Chapitre 320
Chapitre 320
Sans la barrière des murailles, les deux camps ne pouvaient que s’affronter au corps à corps. À cet instant, canons et pluies de flèches perdaient toute efficacité. Le combat se jouait sur la valeur des troupes équipées, et la Grande armée du Roselin détenait indéniablement l’avantage. Dès l’arrivée des renforts, le moral de Ye Ming et de ses hommes monta en flèche, étendant rapidement leurs gains. Mais soudain, Ye Ming aperçut Fan Shaochuan, en tête de la charge, couvert de sang.
L’apparition de Fan Shaochuan éveilla en lui un mauvais pressentiment. Bientôt, il entendit quelqu’un crier : « Grâce au général Fan qui a percé les murailles, en avant ! Plus on tue d’ennemis, plus on gagne de mérite ! »
Ye Ming ne ressentit aucune colère. Pour lui, cela relevait du plus banal. L’oncle de Fan Shaochuan, le général Fan Xiguang, pouvait aisément s’approprier les mérites des autres. Il ordonna donc en secret aux Soldats Esprit Géant de ralentir progressivement, jusqu’à se replier hors des murailles, à plusieurs centaines de li.
Les Soldats Esprit Géant étaient furieux. Jadis, ils avaient déjà souffert de telles injustices, et voilà que cela recommençait. Ils ne comprenaient pas pourquoi Ye Ming se retirait à ce moment crucial, au lieu de continuer à percer et s’emparer des ressources intérieures.
Le premier à exprimer son doute fut Meng He : « Seigneur, je ne comprends pas ! »
Ye Ming répondit calmement : « Tu comprendras bientôt. Les mérites militaires ne valent rien pour nous, sauf si les supérieurs acceptent de les convertir en récompenses tangibles. Puisqu’ils veulent s’en attribuer tous le mérité, qu’ils se débrouillent. »

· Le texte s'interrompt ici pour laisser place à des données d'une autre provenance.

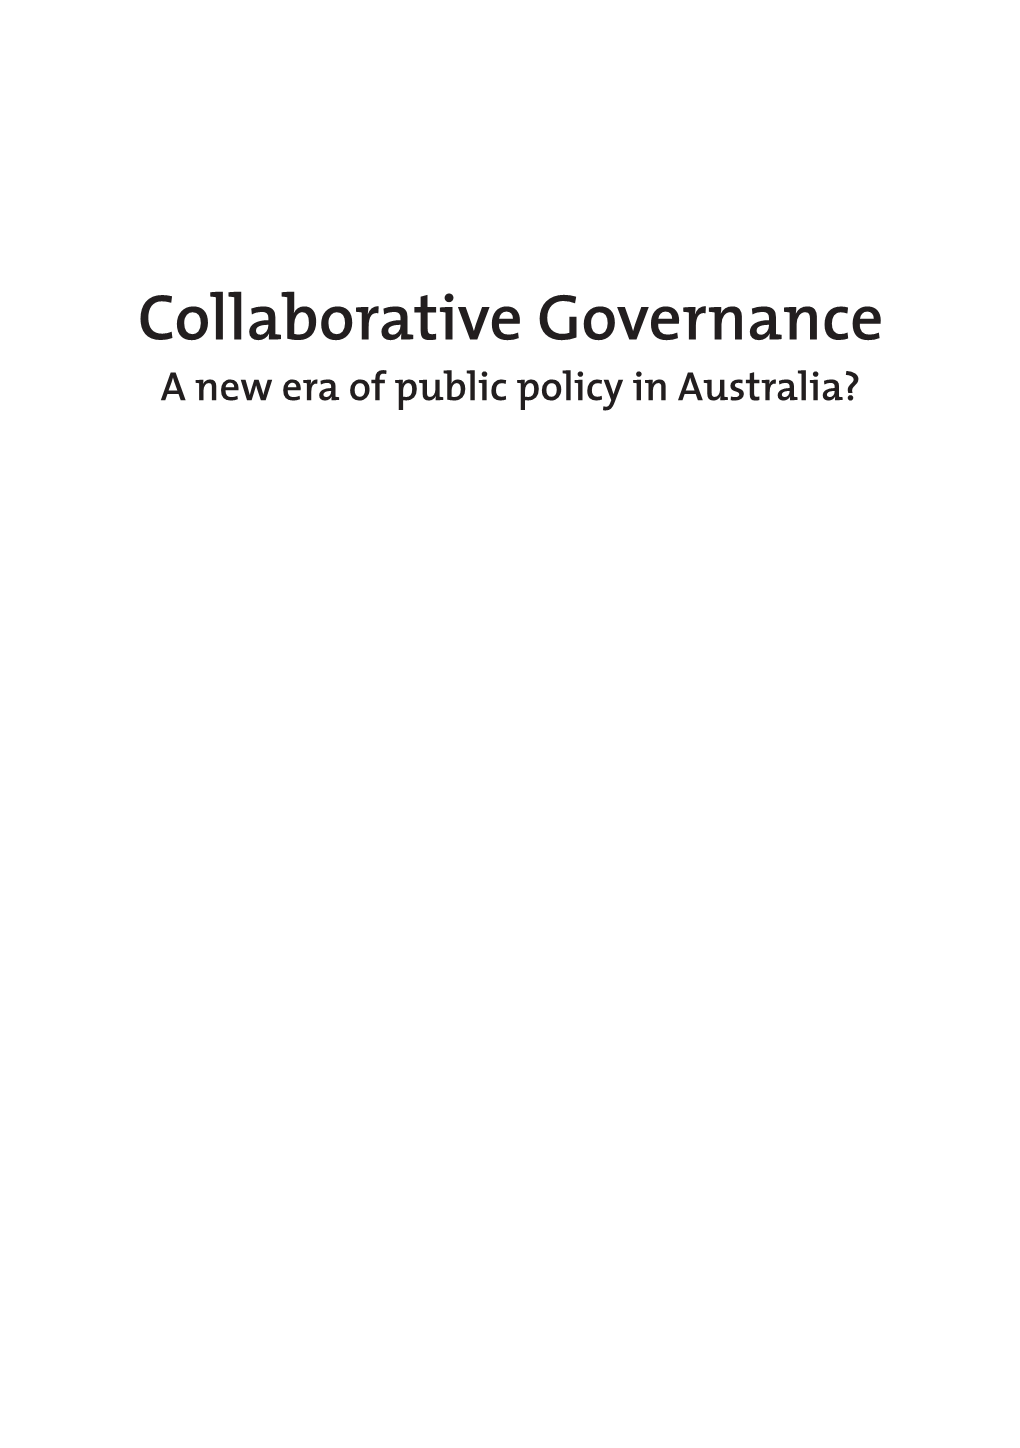 Collaborative Governance a New Era of Public Policy in Australia?

« Mais les frères ne peuvent avaler cette injustice. » répliqua Meng He d’une voix grave.
Ye Ming sourit : « Est-ce si rageant ? Le monde est ainsi fait, ce genre d’événements se produit constamment, nous avons juste eu la malchance d’y assister aujourd’hui. Ne t’inquiète pas, le spectacle n’est pas fini. »
À peine eut-il fini que plusieurs puissantes présences s’élevèrent dans la cité. Le ciel s’obscurcit soudain sous un épais nuage noir, zébré d’éclairs et grondant de tonnerre. Une aura meurtrière se répandit, faisant pâlir les Soldats Esprit Géant.
« Seigneur, que se passe-t-il ? »
Ye Ming répondit avec froideur : « La nuit dernière, j’ai exploré la capitale du Royaume de Wuyang et découvert plusieurs puissants Saints Martiaux y stationnant. Avec tant de maîtres, ils ne laisseraient jamais leur royaume être envahi. Ce pauvre Fan Shaochuan, croyant avoir fait une bonne affaire, doit maintenant pleurer. »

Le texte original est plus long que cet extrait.